At a workshop I have held yesterday I had an interesting conversation about some aspects of IAM - especially the way, IAM products are developed without reuse of existing technologies. The discussion isn't really new to me. I have discussed some of the aspects some five or six years ago with one of the leading IAM vendors. A fruitless discussion, by the way.
MDM, e.g. Master Data Management, is a concept for building and maintaining master data, for example for supplier data or material data. There is no real difference to what meta directory services are providing. The only real differentiator are the specific connectors. But the basic concepts are the same. The concept of delivering data quality is inherent to MDM, sometimes based on sophisticated pattern matching approaches. That raises the question: Why don't we use these technologies for many of the aspects which are done today by proprietary IAM products?

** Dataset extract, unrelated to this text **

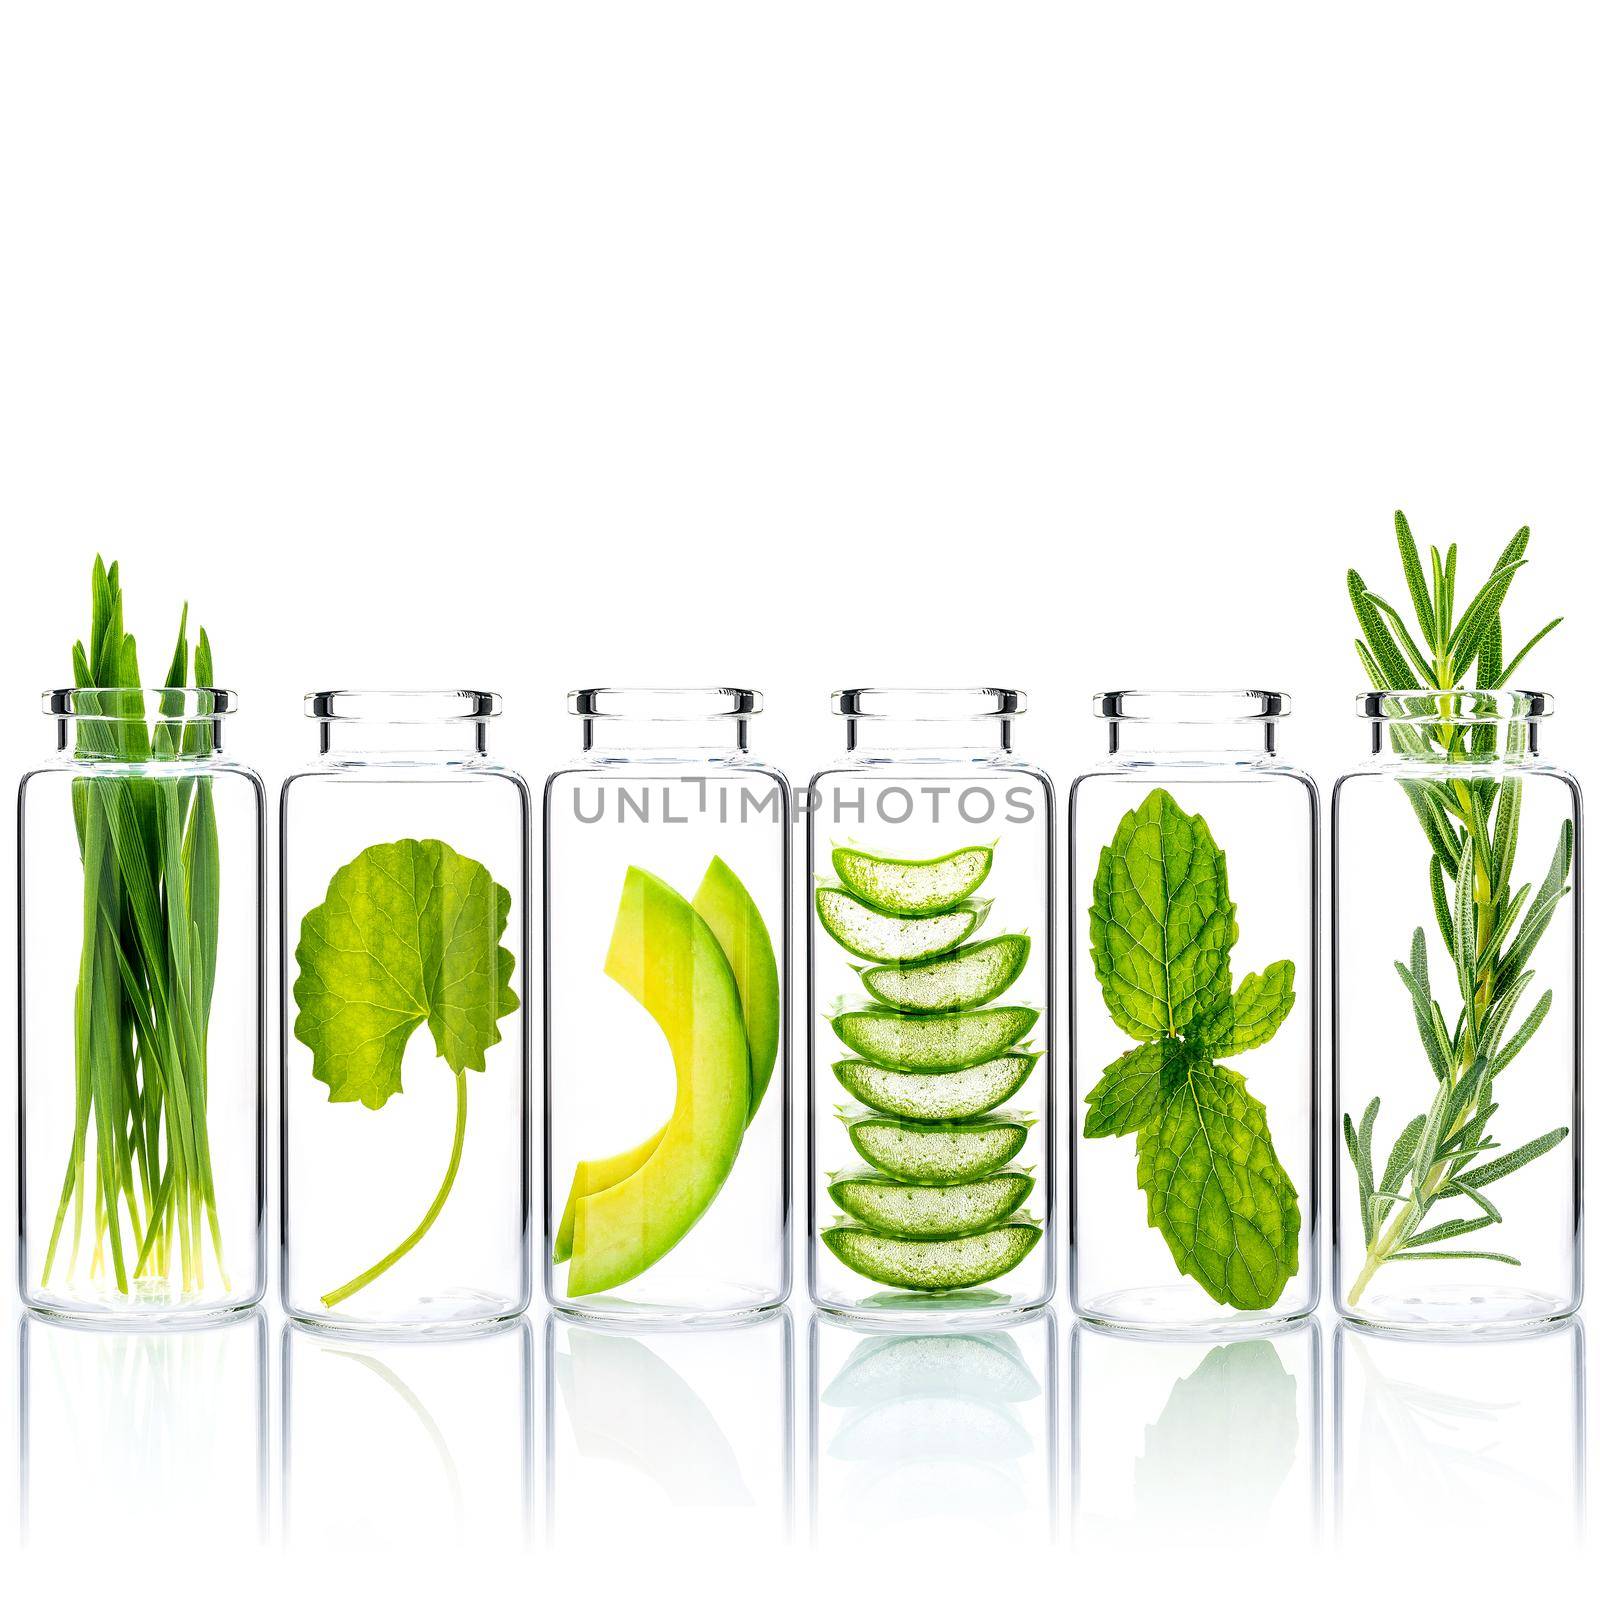 Homemade skin care with natural ingredients wheat grass ,avocado ,aloe vera ,mint leave ,centella asiatica and rosemary in glass bottles isolate on white background.

EAI, e.g. Enterprise Application Integration, is an approach for using sort of bus systems to connect different systems and to exchange any type of information. Some two days ago a vendor told me that some of its customers are using EAI (or enterprise service busses) to exchange SPML for the integration of different provisioning systems. Siemens, by the way, used such a technology some time ago. The customers argued about the complexity of this approach. On the other hand such technologies are widely deployed in larger corporations, are very flexible regarding their connection to databases and the core business applications, and ensure a reliable transport. Thus, they often provide functionality which is missing for example in provisioning systems. Again this raises the "why" question.
The provisioning-specific workflows are another example, even while the vendors start to fix this and to support other, external workflow systems which often offer a broader functionality and interfaces to process management tools.
My answer to the "why"-questions is pretty easy (and in fact, it are two answers): I assume that many of the architects of today's aren't familiar with the concepts I've mentioned and other important IT concepts. And you can't use what you don't know. The second part of the answer is: In the first step it is much easier to build a system without integrating these sometimes pretty complex approaches. But on the long run it's inefficient.
Besides this there are two perspectives: From the IAM only perspective using MDM or EAI as a foundation leads to more complex products. From an overall IT perspective, it leads to less complexity. Thus, it is also a question of the point-of-view. Anyway: I believe that it a least will be helpful to have a look beyond the common IAM approaches. That's what vendors really should do these days. The example of workflows which are more and more externalized proves that there is some need to do that. By the way: Doing that might as well lead to new competition. Think about MDM or EAI specialists and some other company which focuses on connectors. There might be interesting business models for both of them to successfully compete in the IAM business.